Machinery and Preventing Amputations: Specific Machine Hazards Part 1

8,450 known non-fatal amputation cases (involving days away from work) occurred in 2005 for all of private industry. The most prevalent injury source was, by far, machinery, which accounted for approximately 60% (5,080 instances) of the amputation cases. The machinery listed here cause  amputation injuries, and appropriate safeguarding and hazardous energy control (lockout/tagout) methods are addressed in this section.

Employers need to consult the OSHA standard for specific machinery to ensure compliance with all requirements. For other types of hazardous sources of injury, see Appendix B.

Machinery Associated with Amputations

  1. Mechanical Power Presses
  2. Power Press Brakes
  3. Powered and Non-Powered Conveyors
  4. Printing Presses
  5. Roll-Forming and Roll-Bending Machines
  6. Shearing Machines
  7. Food Slicers
  8. Meat Grinders
  9. Meat-Cutting Band Saws
  10. Drill Presses
  11. Milling Machines
  12. Grinding Machines
  13. Slitters

Hazards of Mechanical Power Presses

Although there are three major types of power presses—mechanical, hydraulic, and pneumatic— the machinery that accounts for a large number of workplace amputations are mechanical power presses.

In mechanical power presses, tools or dies are mounted on a slide, or ram, which operates in a controlled, reciprocating motion toward and away from the stationary bed or anvil containing the lower die. When the upper and lower dies press together – to punch, shear or form – the workpiece, the desired piece is produced. Once the downstroke is completed, the re-formed work-piece is removed either automatically or manually, a new work-piece is fed into the die, and the process is repeated. (See Figure 23.)

Part Revolution Mechanical Power Press with a Two-Hand Control

Controls for Machines with Clutches

Certain machines can be categorized based on the type of clutch they use—full-revolution or part-revolution. Differing modes of operation for
these two clutches determine the type of guarding that can be used.

Full-revolution clutches, once activated, complete a full cycle of the slide (lowering and raising of the slide) before stopping at dead center and cannot be disengaged until the cycle is complete.

So, presence-sensing devices will not work and operators must be protected during the entire press operating cycle. For example, properly applied barrier guards or two-hand trip devices that are installed at a safe distance from the hazard area may be used.

Machines incorporating full-revolution clutches, such as mechanical power presses, must also incorporate a single-stroke device and anti-repeat feature.
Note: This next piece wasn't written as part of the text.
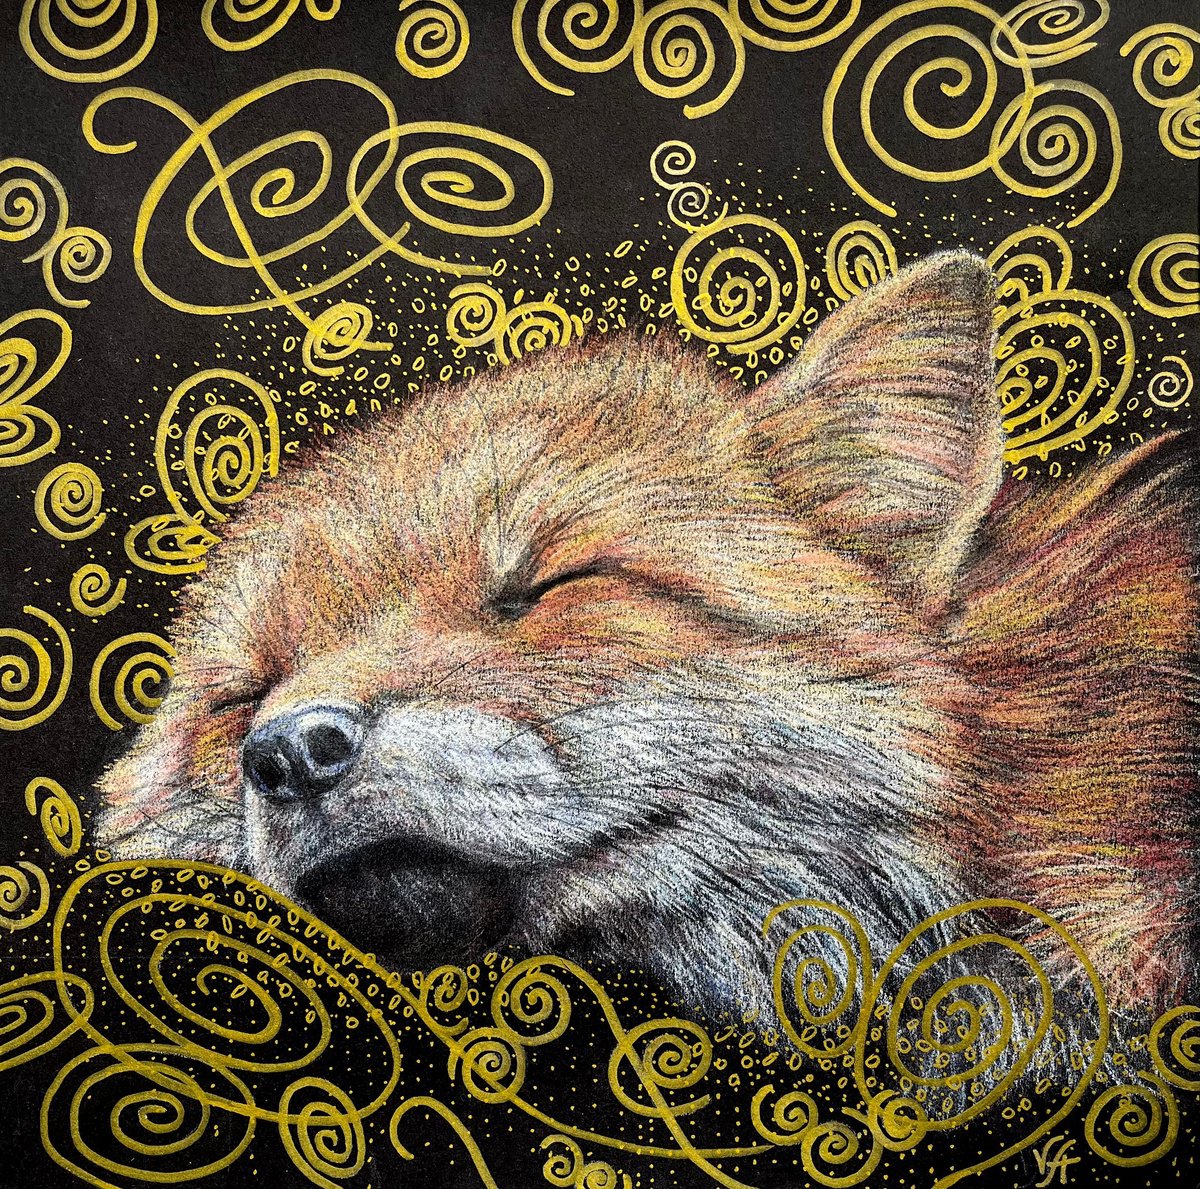 Sweet dream fox by Alona Vakhmistrova

The majority of part-revolution presses are air clutch and brake. They are designed to trap air in a chamber or tube. When the compressed air is put into these chambers, the clutch is engaged, the brake disengaged and the press makes a single stroke. To stop the press, the
reverse takes place. Thus, the part-revolution clutch can be disengaged at any time during the cycle to stop the cycle before it completes the downstroke.

For safeguarding purposes, part-revolution mechanical power presses can be equipped with presence-sensing devices, but full-revolution mechanical power presses cannot.

NOTE: Likewise, most hydraulic power presses and their associated control systems are similar to part-revolution mechanical power presses in that the slide can be stopped at any point in the cycle.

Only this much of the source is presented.